Unnamed: 0,unicode,emoji,name,anger,anticipation,disgust,fear,joy,sadness,surprise,trust
0,1F308,🌈,rainbow,0.0,0.28,0.0,0.0,0.69,0.06,0.22,0.33
1,1F319,🌙,crescent moon,0.0,0.31,0.0,0.0,0.25,0.0,0.06,0.25
2,1F31A,🌚,new moon face,0.06,0.08,0.17,0.06,0.42,0.19,0.06,0.11
3,1F31E,🌞,sun with face,0.0,0.22,0.0,0.0,0.78,0.0,0.11,0.22
4,1F31F,🌟,glowing star,0.0,0.28,0.0,0.0,0.53,0.0,0.25,0.31


## 1)

In [12]:
table[['unicode','emoji','name']]

Unnamed: 0,unicode,emoji,name
0,1F308,🌈,rainbow
1,1F319,🌙,crescent moon
2,1F31A,🌚,new moon face
3,1F31E,🌞,sun with face
4,1F31F,🌟,glowing star
...,...,...,...
145,2757,❗,exclamation mark
146,2764,❤,red heart
147,27A1,➡,right arrow
148,2B05,⬅,left arrow


## 2)

In [47]:
emotions=list(table.columns[-8:])
emoticons=list(table['name'])
off_scores=np.array(table[emotions])

In [48]:
def cosine_similarity(a,b):
    return np.dot(a, b)/(np.linalg.norm(a)*np.linalg.norm(b))

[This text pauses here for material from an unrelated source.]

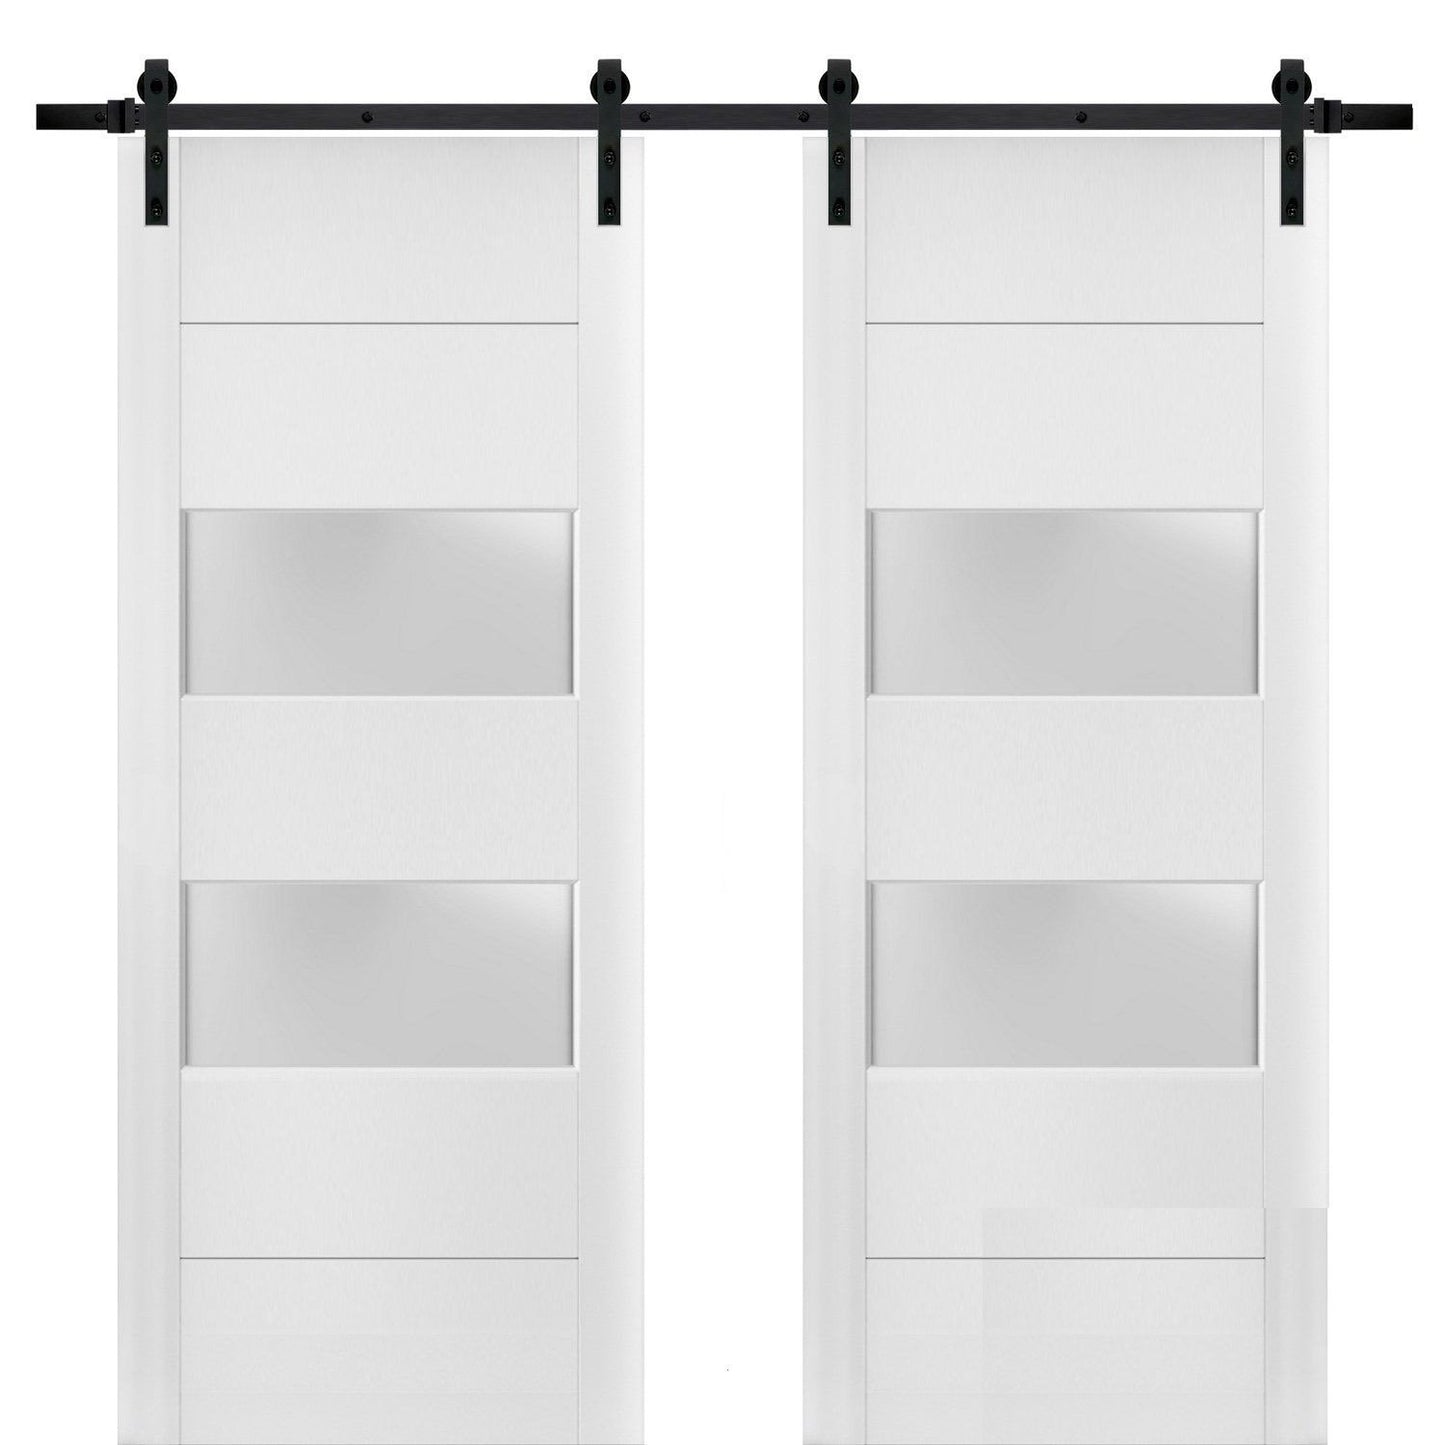 Lucia 4010 White Silk Double Barn Door with 2 Lites Frosted Glass | Black Rail

def calculate_model_scores(emotions, emoticons, embed_fun):
    scores=np.zeros([len(emoticons),len(emotions)])
    emotions_vec=[embed_fun(emo) for emo in emotions]
    for i,emoticon in enumerate(emoticons):
        emoticon_vec=embed_fun(emoticon)
        scores[i]=[cosine_similarity(emoticon_vec,emovec) for emovec in emotions_vec]
    return scores

In [54]:
w2v_embed_fun=lambda x: np.random.random(5)
word2vec_scores=calculate_model_scores(emotions,emoticons, w2v_embed_fun)

In [59]:
[pearsonr(off_scores[:,i],word2vec_scores[:,i]) for i in range(8)]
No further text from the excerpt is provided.